Trans-Zero: Self-Play Incentivizes Large Language Models for Multilingual Translation¶

Conference: ACL2025
arXiv: 2504.14669
Code: NJUNLP/trans0
Area: Multilingual Translation
Keywords: Multilingual Translation, Self-Play, Monte-Carlo Tree Search, Preference Optimization, Parallel-Data-Free

TL;DR¶

The Trans-Zero self-play framework is proposed, which utilizes only monolingual data. By exploring semantically consistent candidate translations during the multilingual translation process through Genetic Monte-Carlo Tree Search (G-MCTS) and combining this with preference optimization, it achieves parallel-data-free multilingual translation training with performance comparable to large-scale supervised fine-tuning (SFT) methods.

Background & Motivation¶

Dependency of multilingual translation on parallel data: Current LLM multilingual translation still requires a large amount of parallel corpus for SFT, whereas parallel data for low-resource languages is extremely scarce, limiting translation coverage.
Catastrophic forgetting: As the scale of multilingual SFT expands, one-to-one MLE supervision introduces bias, and excessive multilingual annotation dilutes pre-trained knowledge, leading to a degradation in cross-lingual performance.
Scalability bottleneck of MoE solutions: Existing Mixture-of-Experts (MoE) methods use hand-crafted language module routing, but routing complexity and distributed overhead grow exponentially with the number of translation directions.
Underutilization of LLMs' intrinsic multilingual knowledge: LLMs accumulate rich multilingual knowledge during pre-training, but existing methods fail to effectively stimulate these inherent capabilities for self-improvement.
Technical challenges of cross-lingual exploration: Systematic exploration of cross-lingual semantic space requires planning methods beyond simple prompt engineering, making traditional LLM inference paradigms difficult to apply directly.
External dependencies of multilingual quality evaluation: Existing translation quality evaluation relies on data-driven QE metrics or reward model training, which increases system complexity and dependency on external modules.

Method¶

Overall Architecture: Trans-Zero Self-Play Multilingual Translation¶

Function: Build a self-play framework requiring only monolingual data, allowing the LLM to self-improve its translation ability through search and preference optimization during the multilingual translation process.
Why: To break free from the dependency on parallel data and leverage the LLM's inherent multilingual knowledge for resource-efficient multilingual translation training.
How: Define the multilingual translation process (MTP) \(\rightarrow\) perform Genetic Monte-Carlo Tree Search (G-MCTS) on MTP to explore candidate translations \(\rightarrow\) evaluate translation quality based on cross-lingual semantic consistency \(\rightarrow\) extract preference pairs from the search tree \(\rightarrow\) perform preference optimization using SPPO.

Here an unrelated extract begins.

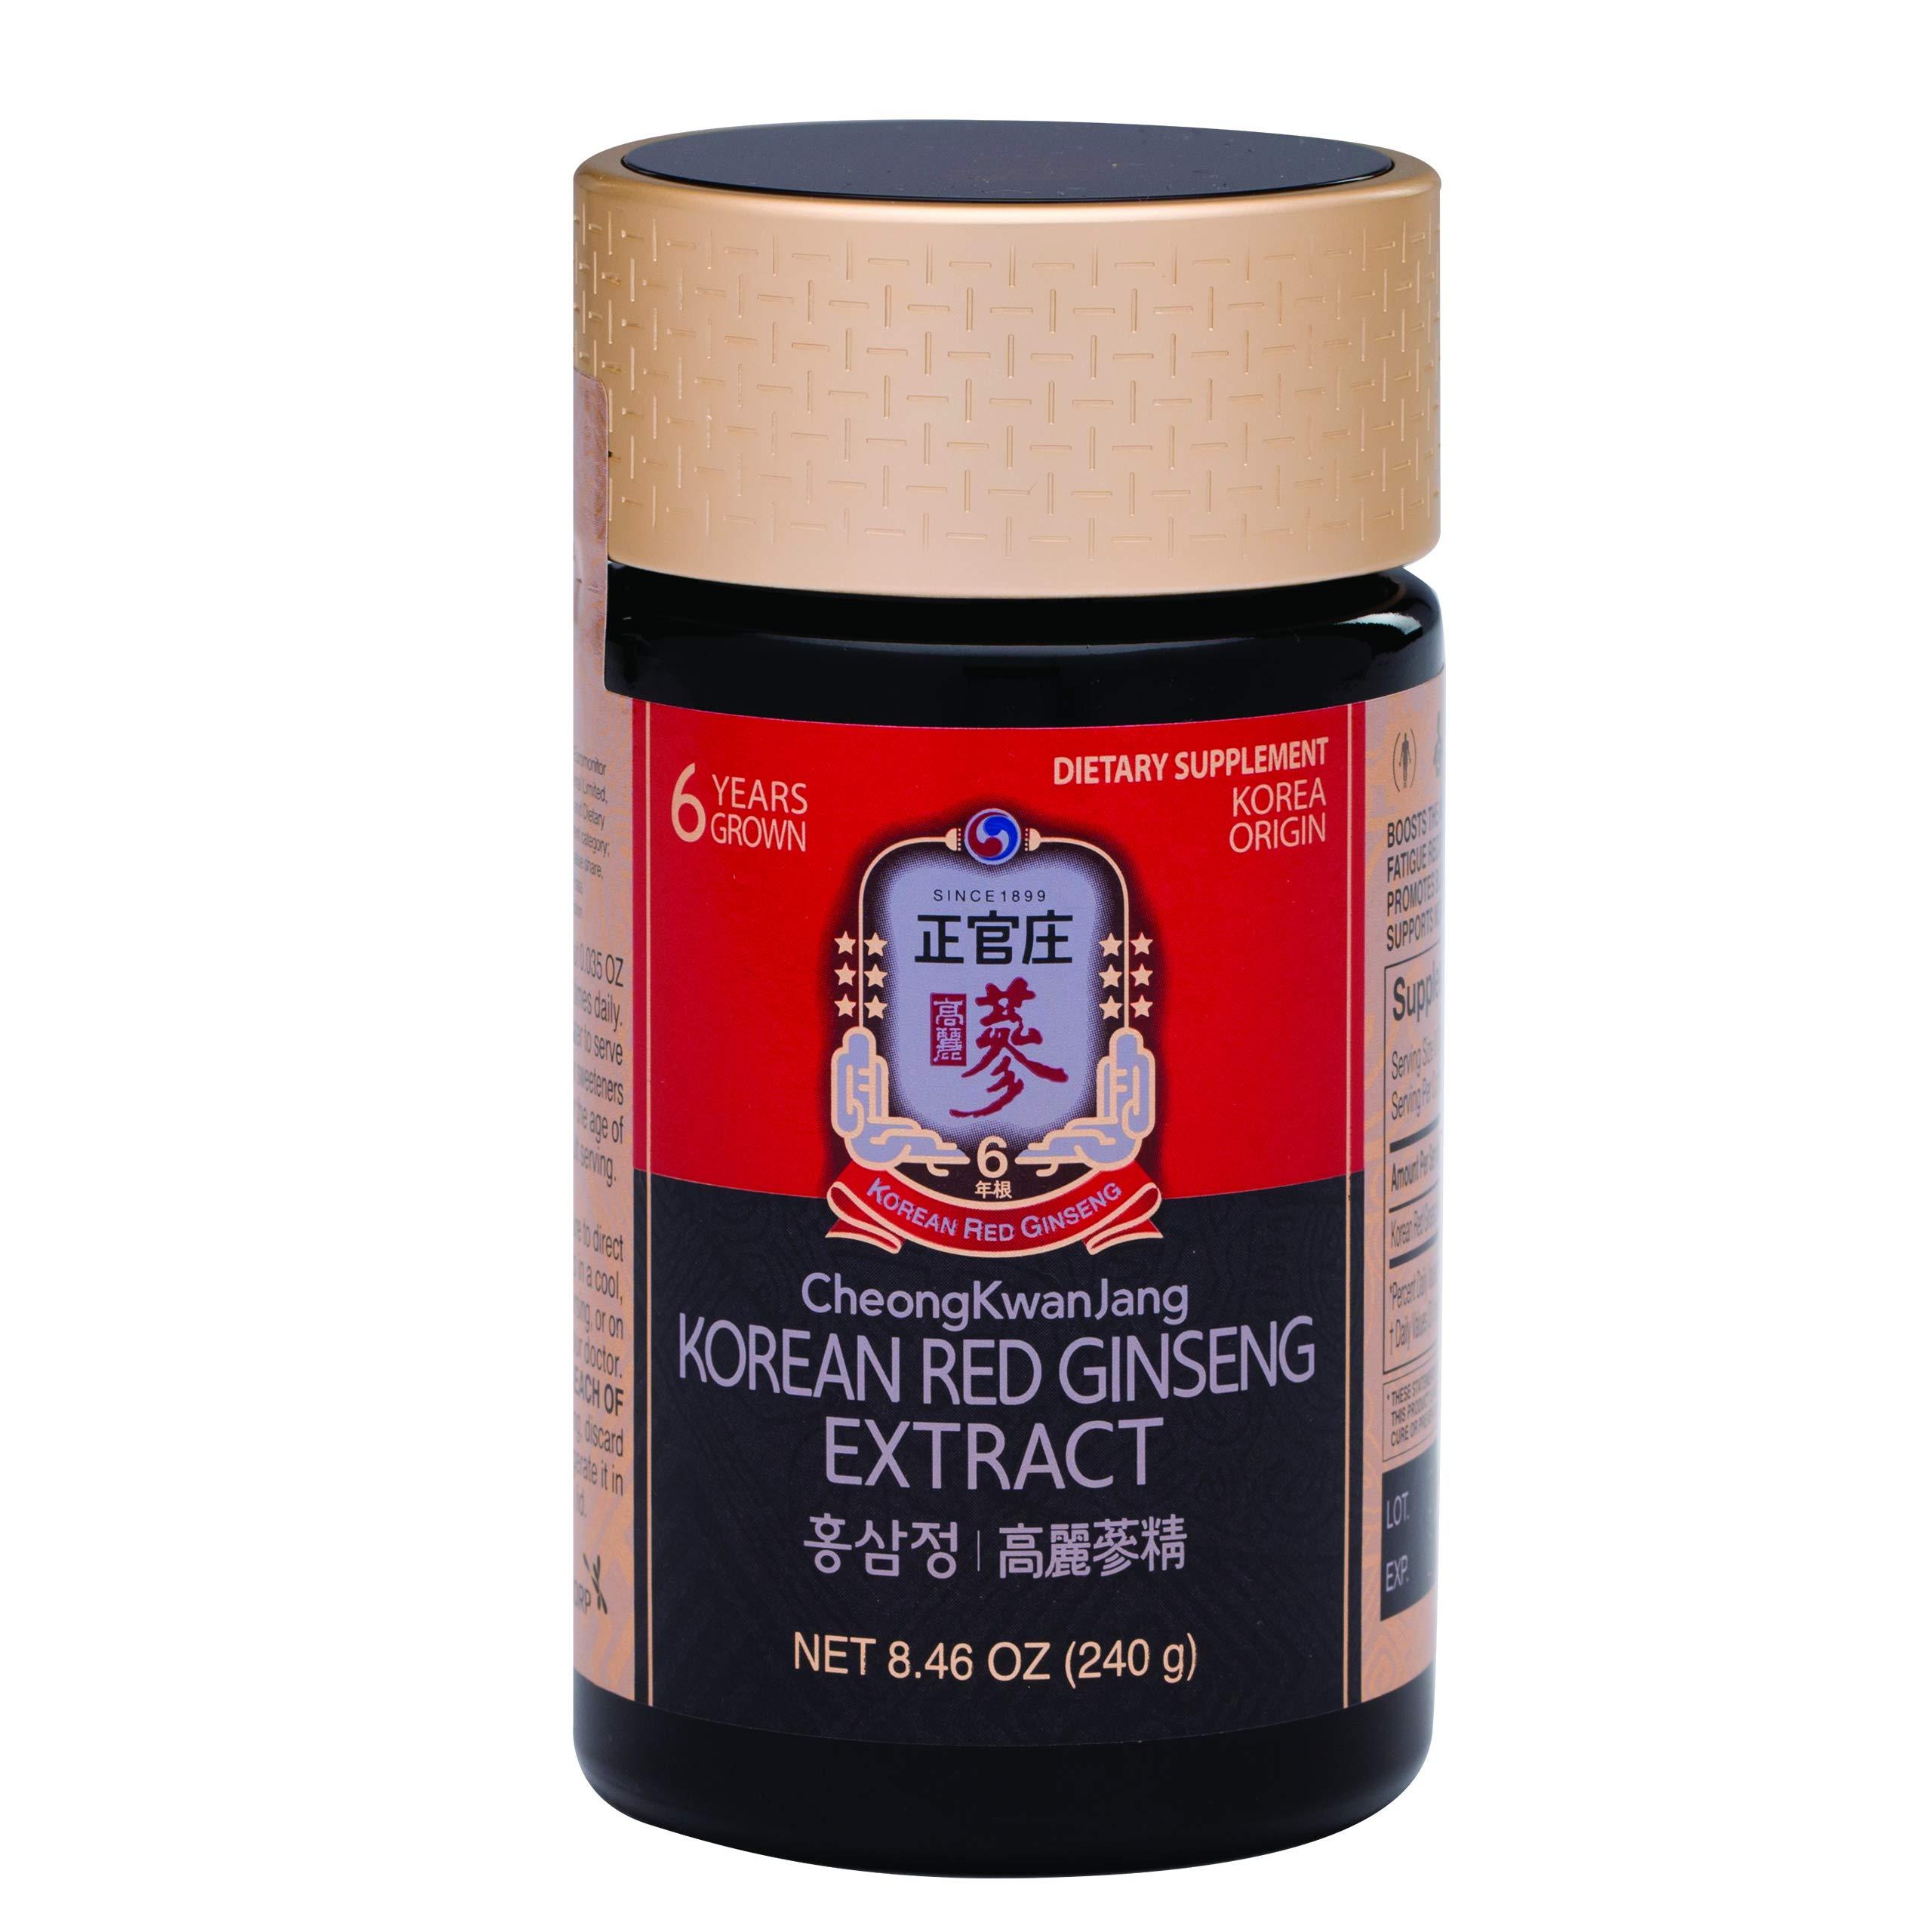 KGC Cheong Kwan Jang [Korean Red Ginseng Extract] For Extra

Key Design 1: Multilingual Translation Process (MTP) and G-MCTS¶

Function: Define the iterative multilingual translation process as the search space and implement MCTS search combined with genetic algorithm ideas on it.
Why: MTP extends translation to multilingual chains (e.g., EN\(\rightarrow\)IT\(\rightarrow\)ZH\(\rightarrow\)EN), making semantic consistency verifiable through back-translation. The genetic expansion (merge + mutate) of G-MCTS addresses the lack of diversity in standard MCTS for translation exploration.
How:
- Initialization: Taking the source text as the root node, top-k sampling generates \(b\) target language candidate translations as child nodes, initializing rewards via back-translation.
- Genetic Expansion: Select the node with the highest UCB value for expansion. If the node with maximum UCB \(\neq\) the node with maximum utility, perform Merge (use both as few-shot exemplars to generate a new translation); if they are the same, perform Mutate (translate the best reconstructed text in simulation instead of the original input, introducing diversity).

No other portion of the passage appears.